Shielding bona fide loan calls will spur credit growth

By: |
November 11, 2021 4:15 AM

Loan-size ceiling under accountability guidelines needs to be raised, arrests must follow due probe, not FIRs

Even if banks fear that some of this may not come back—the government offers only a partial guarantee—they have been fairly enthusiastic about the ELCGS because the government has backed the scheme.Even if banks fear that some of this may not come back—the government offers only a partial guarantee—they have been fairly enthusiastic about the ELCGS because the government has backed the scheme.

Finance minister Nirmala Sitharaman is scheduled to meet the heads of banks next week, ostensibly to nudge them into lending. The government’s concern is understandable, loan growth has been all but sluggish. The increase in non-food credit was flat at 0.1% between March 26 and September; even over a longer period in the year to September 24, the growth is modest at 6.8%. Again, much of this has been in the form of retail loans because banks claim there is little demand from companies. To be sure, there has been a fair bit of disbursement under the Emergency Credit Line Guarantee Scheme—the scheme promoted by the government to help MSMEs; a chunky Rs 3.5-4 lakh crore has been lent to smaller companies. Even if banks fear that some of this may not come back—the government offers only a partial guarantee—they have been fairly enthusiastic about the ELCGS because the government has backed the scheme.

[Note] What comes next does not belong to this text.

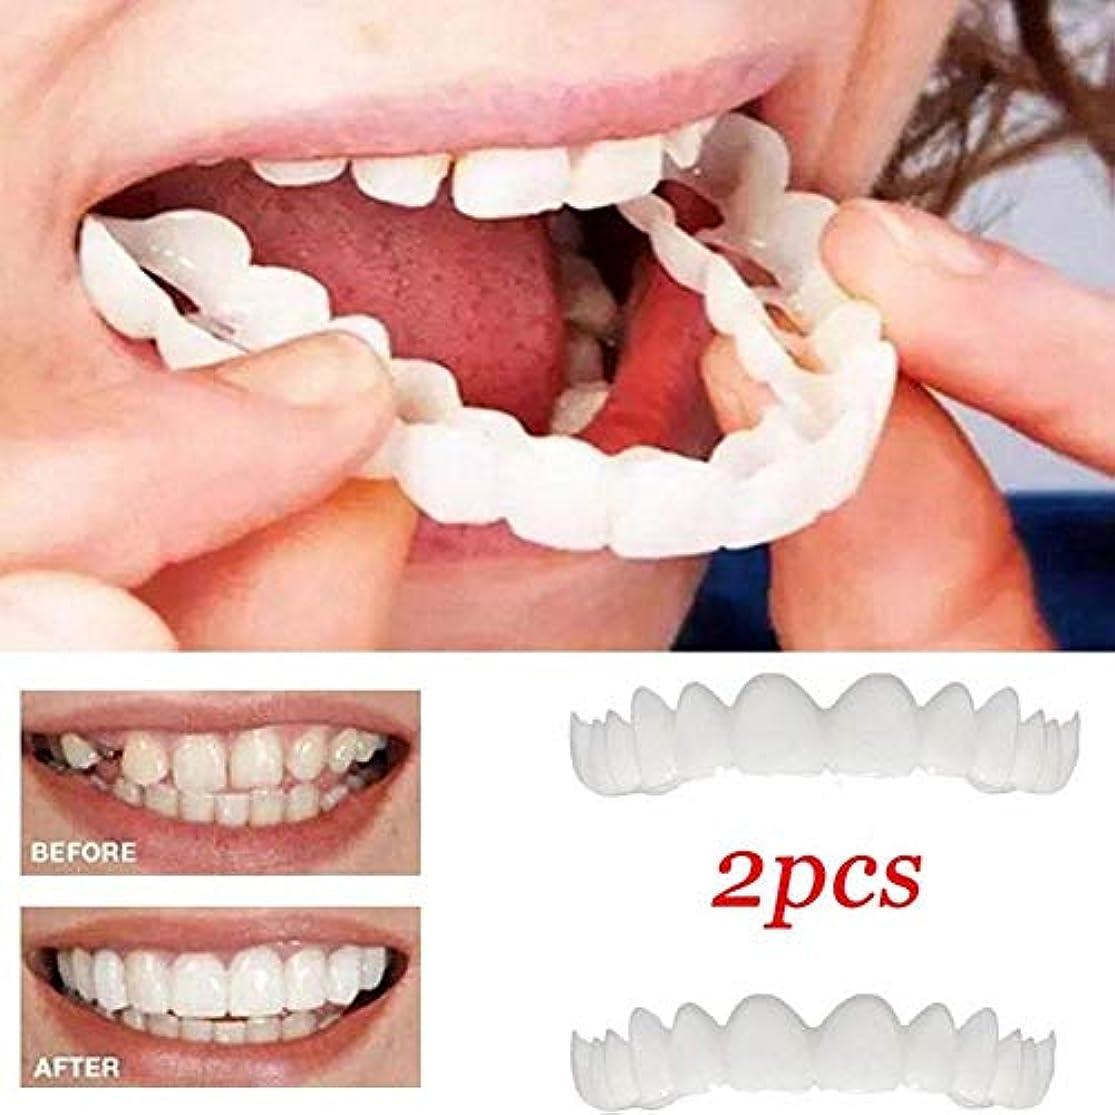 結婚する地震状ユニセックスシリコンシミュレーション義歯、ホワイトニングフィット義歯(上下の歯のセット),A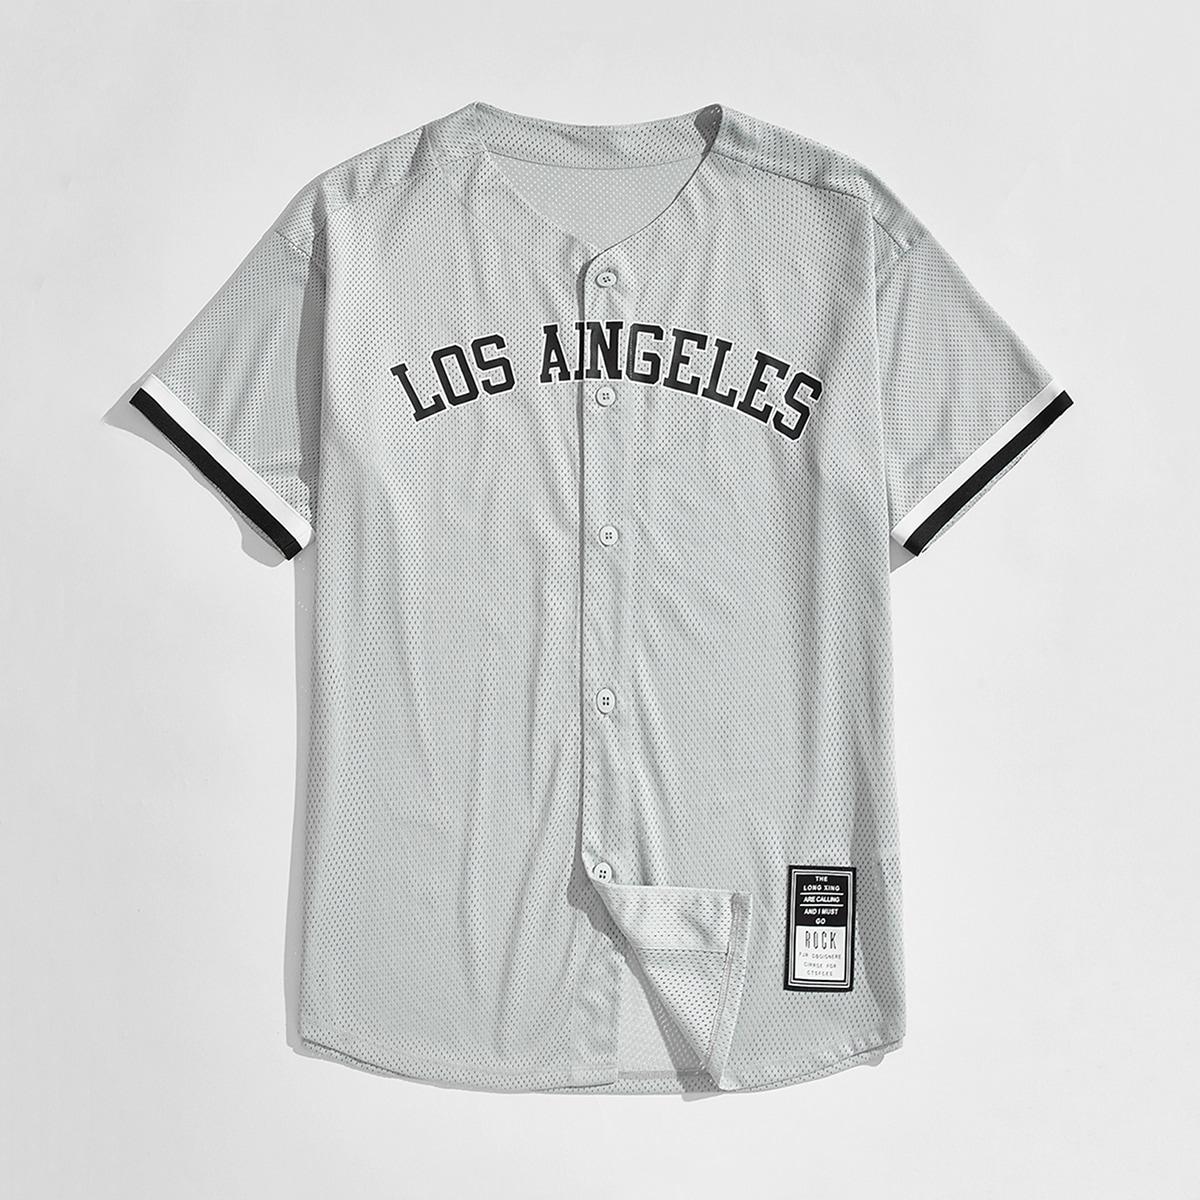 Мужской Рубашка с текстовым принтом в полоску открытый спортивный сетчатый

As such, at a time when risk aversion is running high, the government probably needs to initiate more of these schemes. There are those who will argue that it has a fiscal cost, in the event some of loans go bad, and, therefore, risky. But, it is a risk worth taking because it could create a virtuous cycle and give the nascent recovery the necessary push. The fact is bankers remain wary, even scared, of taking risks; they are reluctant to lend to companies with a credit rating of below AA. They have made it amply clear they do not intend to take even the smallest risks. While it is their business to take calculated and measured risks, the problem is they fear harassment in the event an exposure goes bad. Given how top banking executives—Usha Anantasubramanian, for example—have been treated so badly, that is a justified fear.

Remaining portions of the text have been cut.